Тхарайя еле заметно усмехнулся.
— Ты хочешь стать принцем Ашури, Антоний? — сказал он слегка оттаявшим голосом. — Хочешь получить эту землю любым способом? Ты хоть понимаешь, что это означает братский союз — с землей и со мной? Не хватало мне еще и такого брата...
Антоний улыбнулся, заметил, что слеза уже дотекла до середины его щеки, стер ее тем движением, каким в раздумье потирают переносицу — и сказал:
— Неужели я был бы твоим худшим братом, Ветер? Мне же монах перевел, что тебе Жанна говорила. Я знаю, что твой родной братец натворил подлостей уж не меньше, чем я. Ну что ты споришь со мной?! Я же умереть за тебя хочу, а не на трон за тебя сесть!

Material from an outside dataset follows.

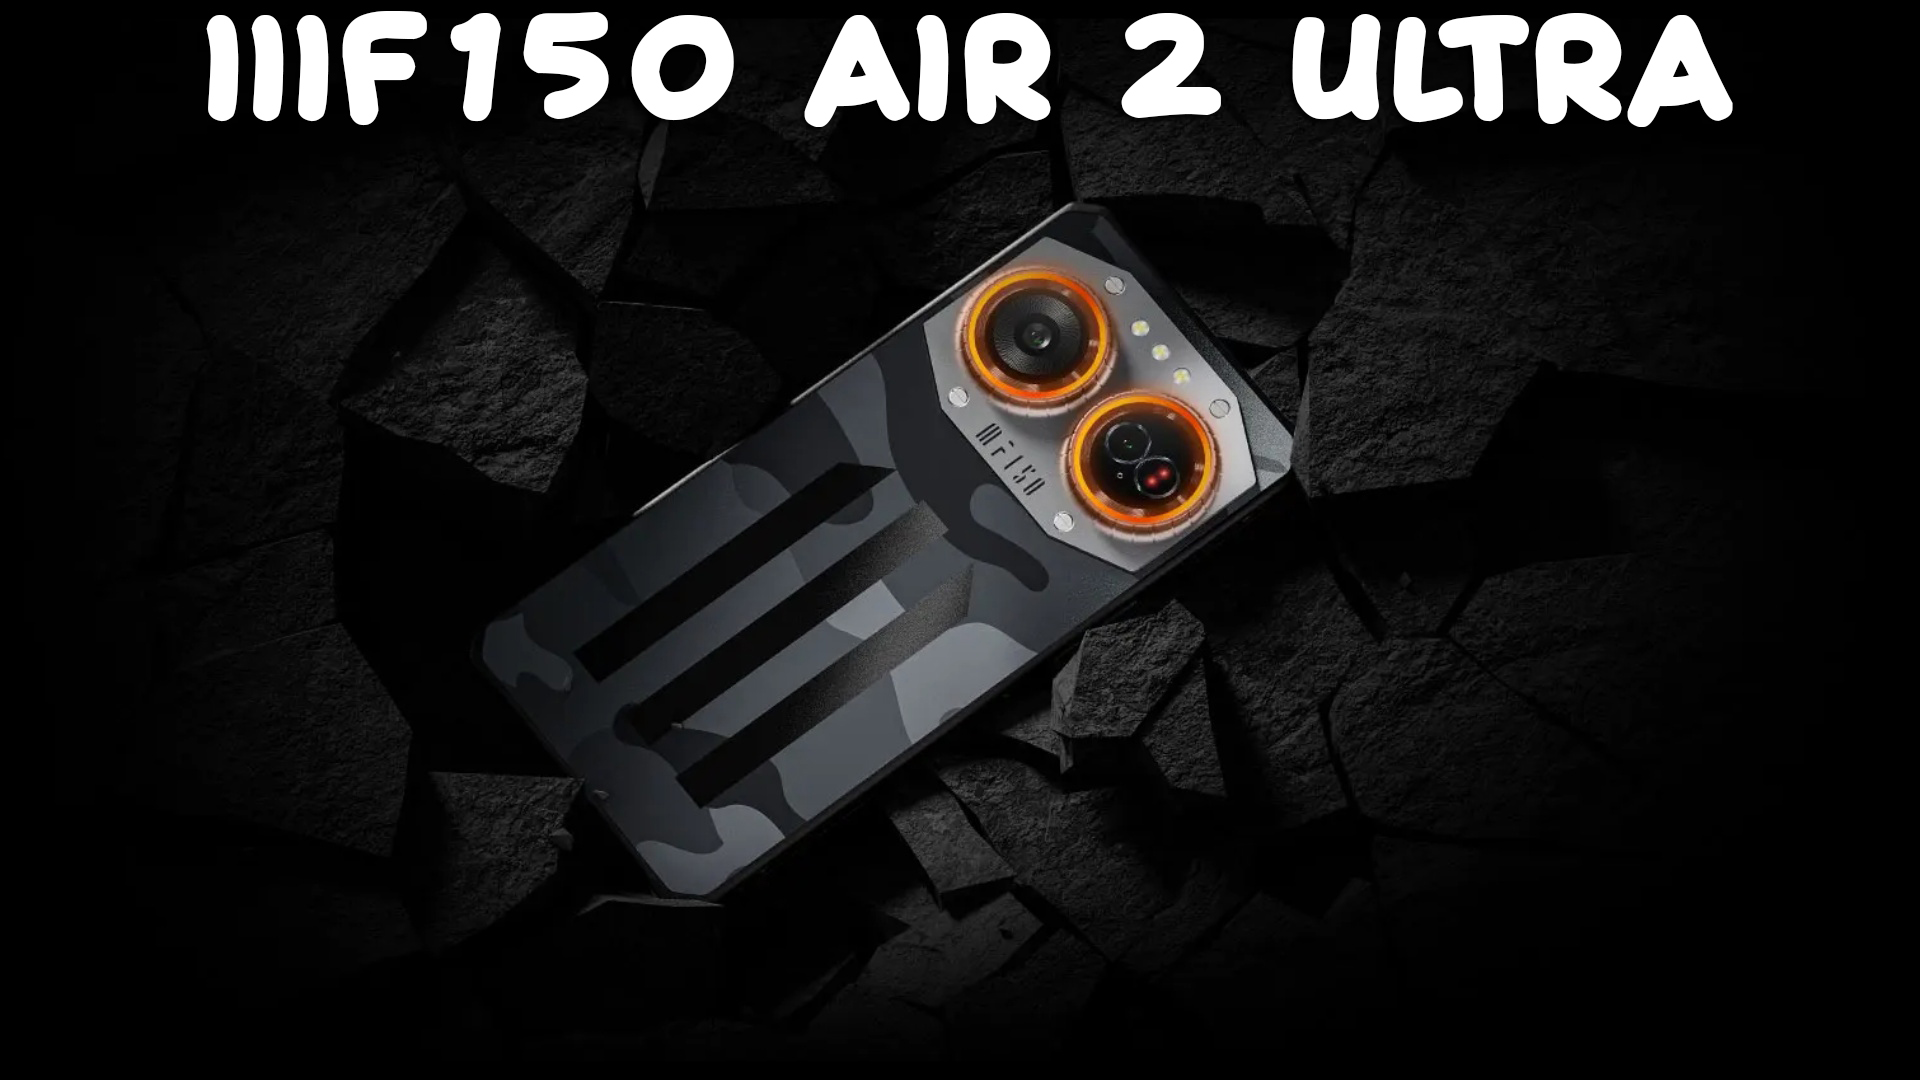 IIIF150 Air 2 Ultra первый обзор на русском

— Если бы я был уверен в том, что древние силы примут твою жертву... — задумчиво проговорил Тхарайя. — Отвага и любовь, говорят древние пророчества, а я не уверен насчет второго в твоей душе... младший брат...
— Любовь будет моя, — тихо сказал Доминик. — Моя любовь — его королевская кровь и отвага. И мы закроем эти ворота на такой долгий срок, какой только выйдет — может, на вечность... Государь Тхарайя, на скрижалях истории есть такие письмена, которые не смываются и не переписываются ничем, кроме крови.
— Что же собираешься смывать ты, солнечный воин? — спросил государь.
— Грязи достаточно, — сказал Доминик грустно. — Жестокость, слабость и глупость. Неумение убедить, гордыня и амбиции. Я, как и мой принц, мой бедный друг Антоний, дергался от нелепицы к нелепице — а если именно я мог бы что-то предотвратить?
— Вряд ли, — сказал Тхарайя. — Нут бросила кости.
— Для меня это не слишком важно, — сказал Доминик. — Я так устал, что способен на одно-единственное доброе дело — на последнее доброе дело.
Антоний сгреб его в охапку. На лице Доминика отразилась мгновенная острая боль — и ее тень исчезла. Он улыбнулся Антонию, прислонившись к его плечу. В этот миг я поняла, что все, что они говорили, говорилось всерьез — и почувствовала благодарность, невыразимую никакими словами.
— Антоний, — сказала я единственное, что пришло мне в голову, — благослови Господь вас обоих! Я буду молиться за ваши души.
Антоний улыбнулся чисто и лихо.
— Я сам помолюсь за вашу, Жанна, — сказал он. — Я сегодня же предстану перед Господом, мне будет легче с ним побеседовать. А Доминик — он и вовсе свой человек на небесах.
Тхарайя все смотрел на него испытывающе, будто никак не мог принять решение — и в конце концов, сказал:
— Ты уверен, что не отступишься в последний миг, Антоний? Я боюсь согласиться — ибо твоя слабость может стоить многих, многих жизней...
Антоний протянул ему раскрытую ладонь. Тхарайя взглянул изумленно, потом вспомнил мои рассказы о северных обыкновениях — и пожал ему руку.
— Я не отступлюсь, — сказал Антоний. — О моей жизни ни один менестрель хорошей песни не выдумает — надо же дать им тему хотя бы смертью!
— Ты хорошо понимаешь, что тебя ждет? — спросил мой государь, не выпуская его руки. — Это некрасиво и не так романтично, как тебе кажется. Твое тело сгорит — ты готов?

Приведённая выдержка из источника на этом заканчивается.